Daily Briefing Blog

Sears gave its workers more health care choices. Here's what happened.


Juliette Mullin, Senior Editor

In the first year after Sears moved its employees into a private health insurance exchange, workers signed up for health plans that looked like the ones they had before. The next year, they shopped based on the price of premiums. But in year three, something interested happened: They signed up for the plans that offered the best value.

Now, Chief Human Resources Officer (CHRO) Dean Carter says Sears employees like the choices that a private exchange affords them—and it would be very hard to reverse that. And it's saving the giant retailer a lot of money; in the first year alone, the company saved $38 million, he says.

Speaking at a panel at Wednesday's Future of Health Care Summit in Washington, D.C., Carter said that "there isn't a CHRO I know who isn't thinking about private exchanges." It's one part of a major shift in how employers view health insurance benefits for employees in the retail health insurance marketplace.

From defined benefits to defined contributions: A major shift for the market

It's easy to read the news and think the public exchanges created by the Affordable Care Act are the biggest story in health care. But most commercial insurance in the United States still is provided through employers. It's part of the reason why Advisory Board VP David Willis says the private exchanges are as important—if not more—than the public exchanges for the future of health care.

Zeke Emanuel: Employer-based insurance will die out by 2025

Last year, a PricewaterhouseCoopers survey of more than 700 companies suggested that 45% of employers have adopted or are considering adopting a private exchange before 2018. (Other employer-driven efforts to control employee health costs include offering employer-managed health plans.)

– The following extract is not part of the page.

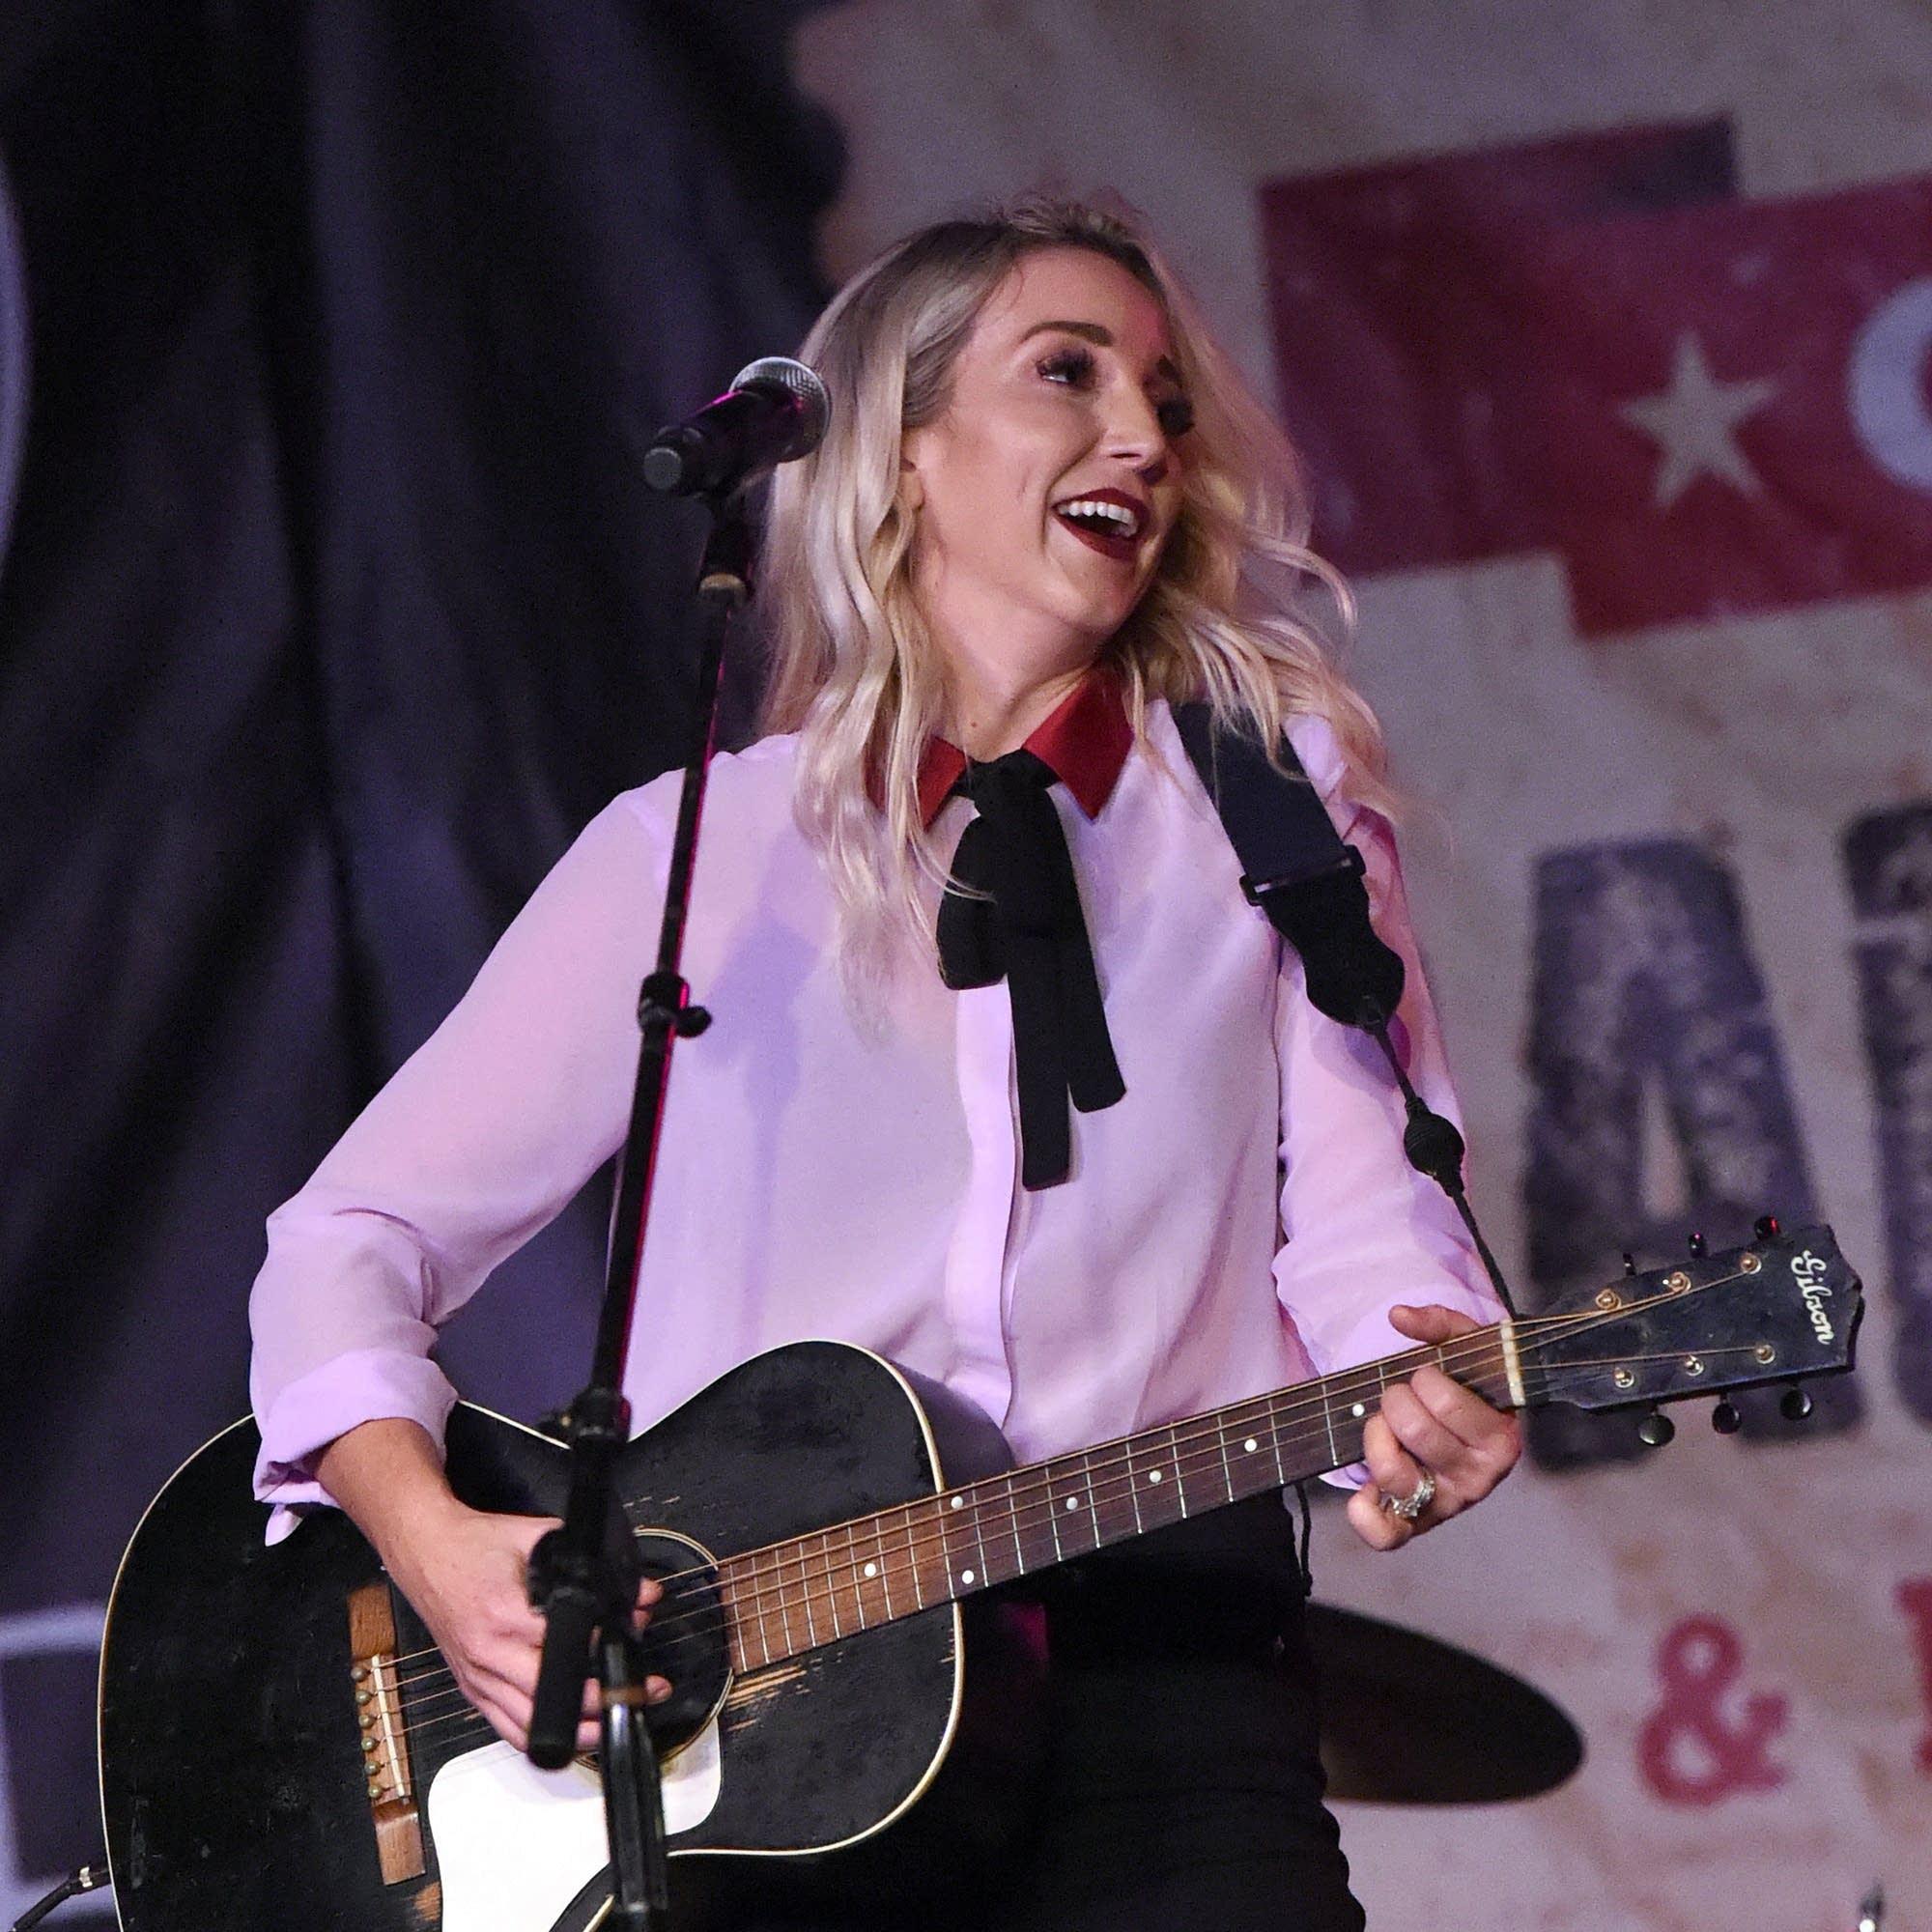 Ashley Monroe performing

At the summit on Wednesday, Jim Levine—director of compensation and benefits at Church & Dwight—noted that there are about 180 different providers of exchange solutions, meaning there is significant variation in models. But as the exchanges become more popular among employers trying to control costs without scaling back coverage, Levine expects to see consolidation among exchange providers and the dominance of certain types of exchange models.  

Choice in the exchanges can create smarter consumers

At Sears, Carter says private exchanges pushed employees to act like consumers when it came to health care, giving them four key things they didn't have before:

  • Choice;
  • Price transparency when it comes to unit costs and employer contributions;
  • Accountability; and
  • Speed, meaning the ability to change plans and carriers annually.

Or, as Carter puts it, it's the "democratization" of benefits.

John Barkett—the director of health policy affairs for exchange solutions at Towers Watson—notes that defined contributions give employees a strong incentive to carefully consider their coverage every year. Employees who select plans that are too skinny for their health needs will only make that mistake for one year, he suggests.

But to generate employer savings and help employees make the right choice for their health needs, companies and exchange operators must provide the right decision support, experts say. For instance, Levine notes that exchange solutions cannot reach their full savings potential until point-of-service decision support for consumers are in place.

The takeaway: In an effort to reduce employer health costs, private exchanges can give employees more control over and insight into their health coverage.